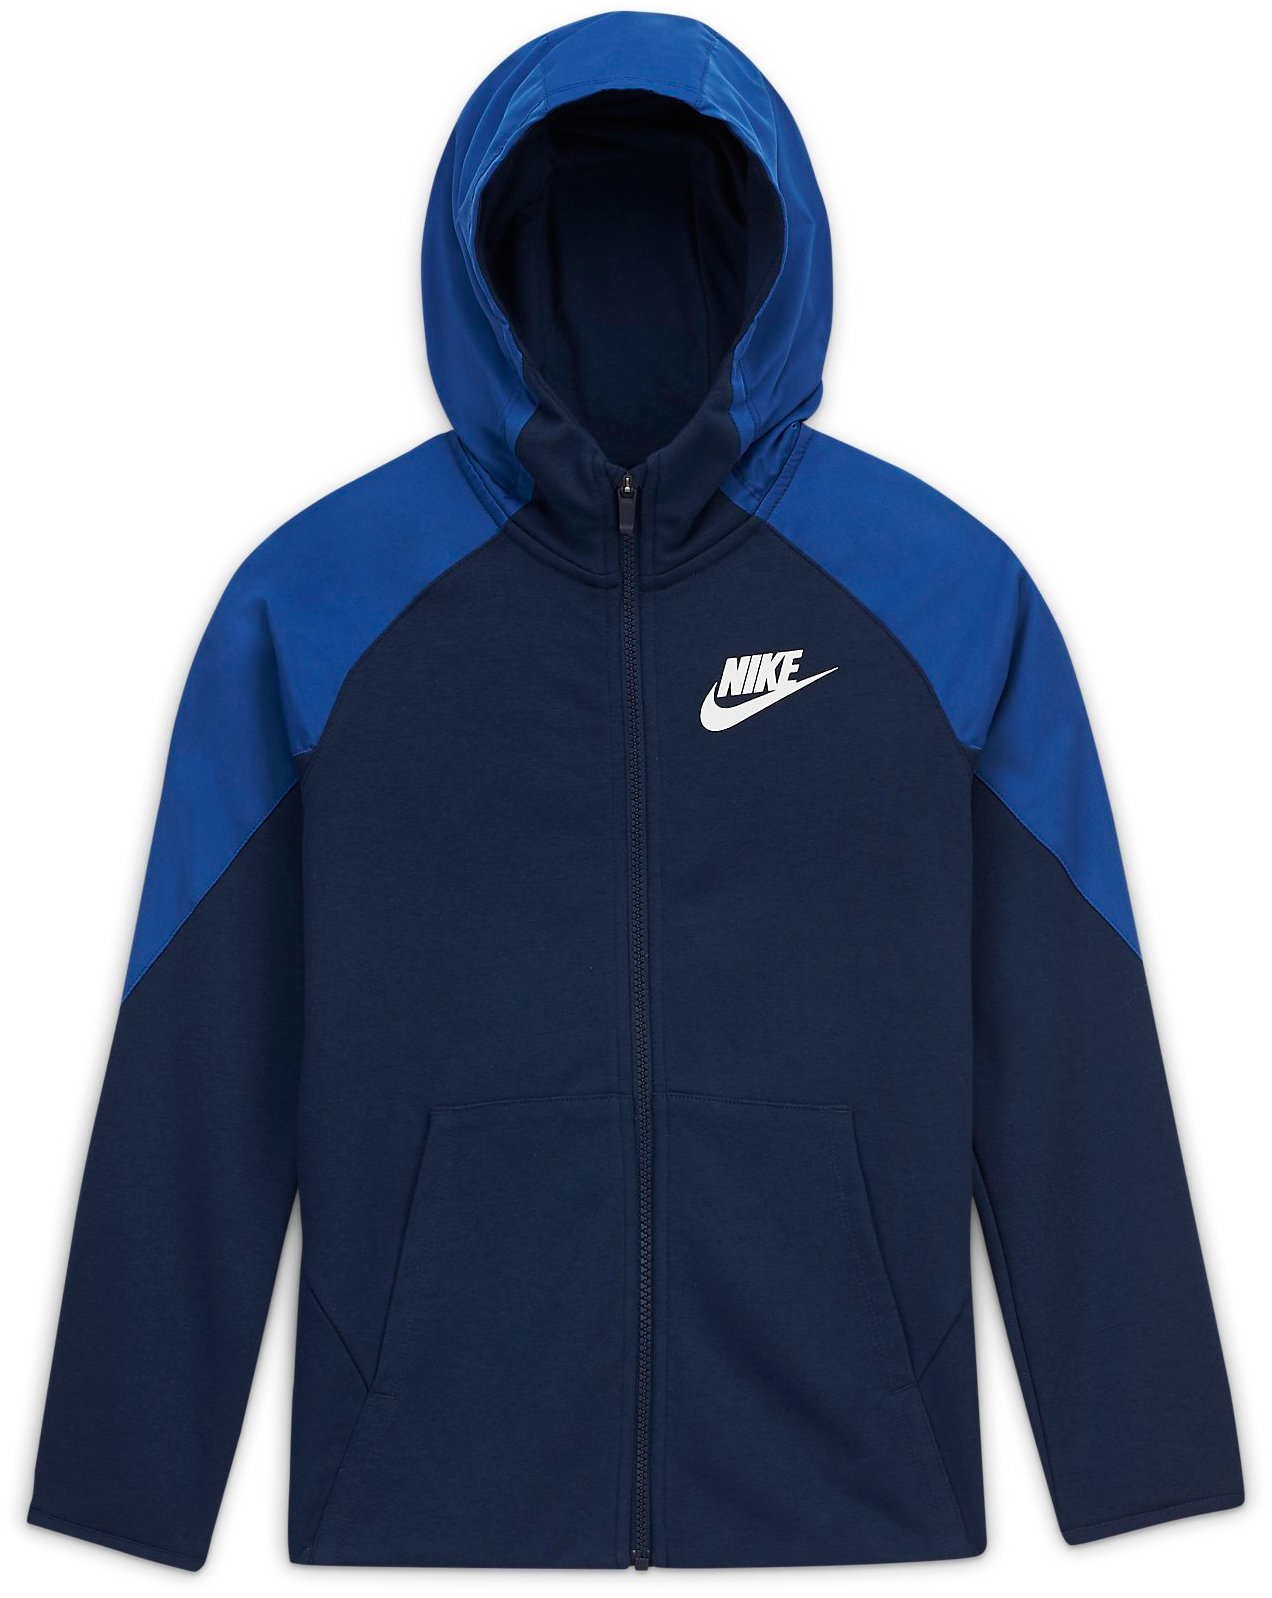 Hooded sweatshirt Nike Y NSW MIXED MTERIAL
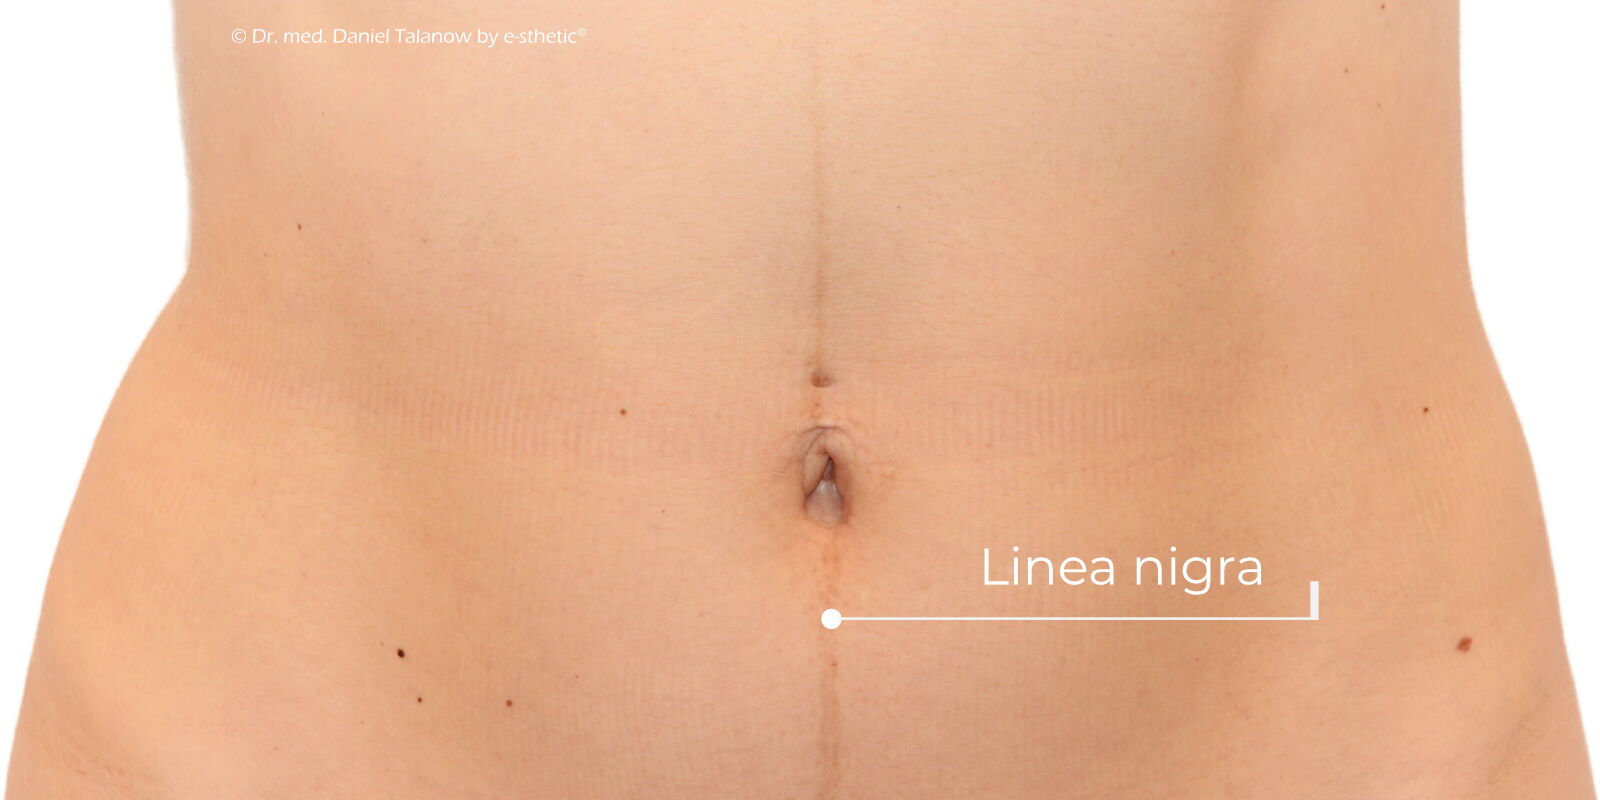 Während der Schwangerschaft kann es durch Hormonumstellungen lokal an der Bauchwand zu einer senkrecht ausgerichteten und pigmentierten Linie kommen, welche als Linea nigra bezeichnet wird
===============
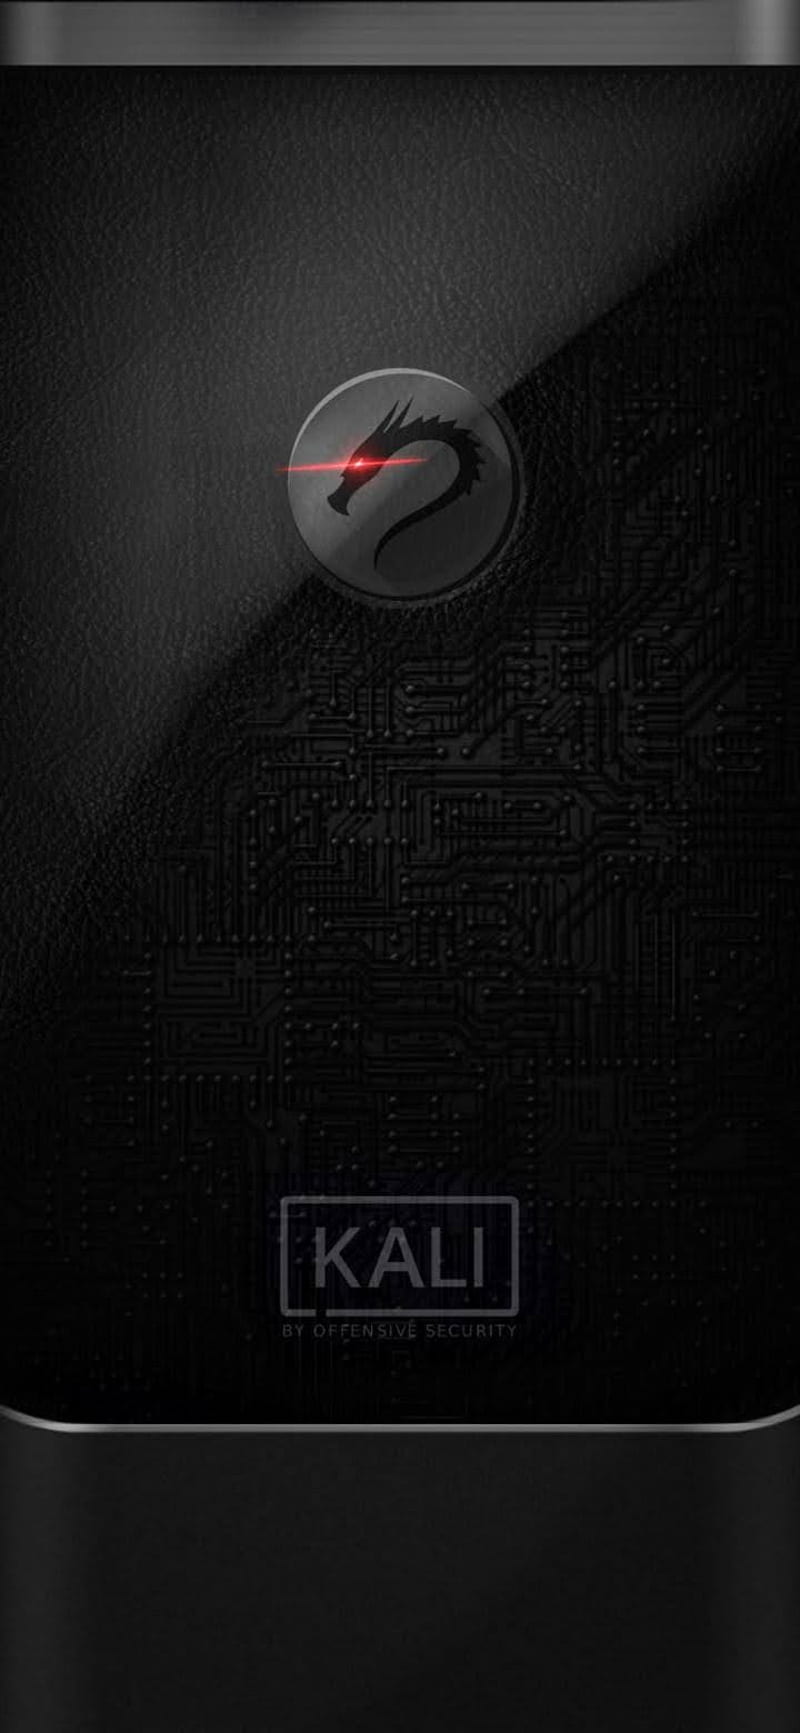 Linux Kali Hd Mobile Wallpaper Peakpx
===============
__DIRECTIONS__. Transcribe, exactly and without pictures, everything in the data from the line with "Hooded sweatshirt Nike Y NSW MIXED MTERIAL" down to the line with "Während der Schwangerschaft", both included.

__OUTPUT FOR THIS TASK__.
 Hooded sweatshirt Nike Y NSW MIXED MTERIAL
 Während der Schwangerschaft kann es durch Hormonumstellungen lokal an der Bauchwand zu einer senkrecht ausgerichteten und pigmentierten Linie kommen, welche als Linea nigra bezeichnet wird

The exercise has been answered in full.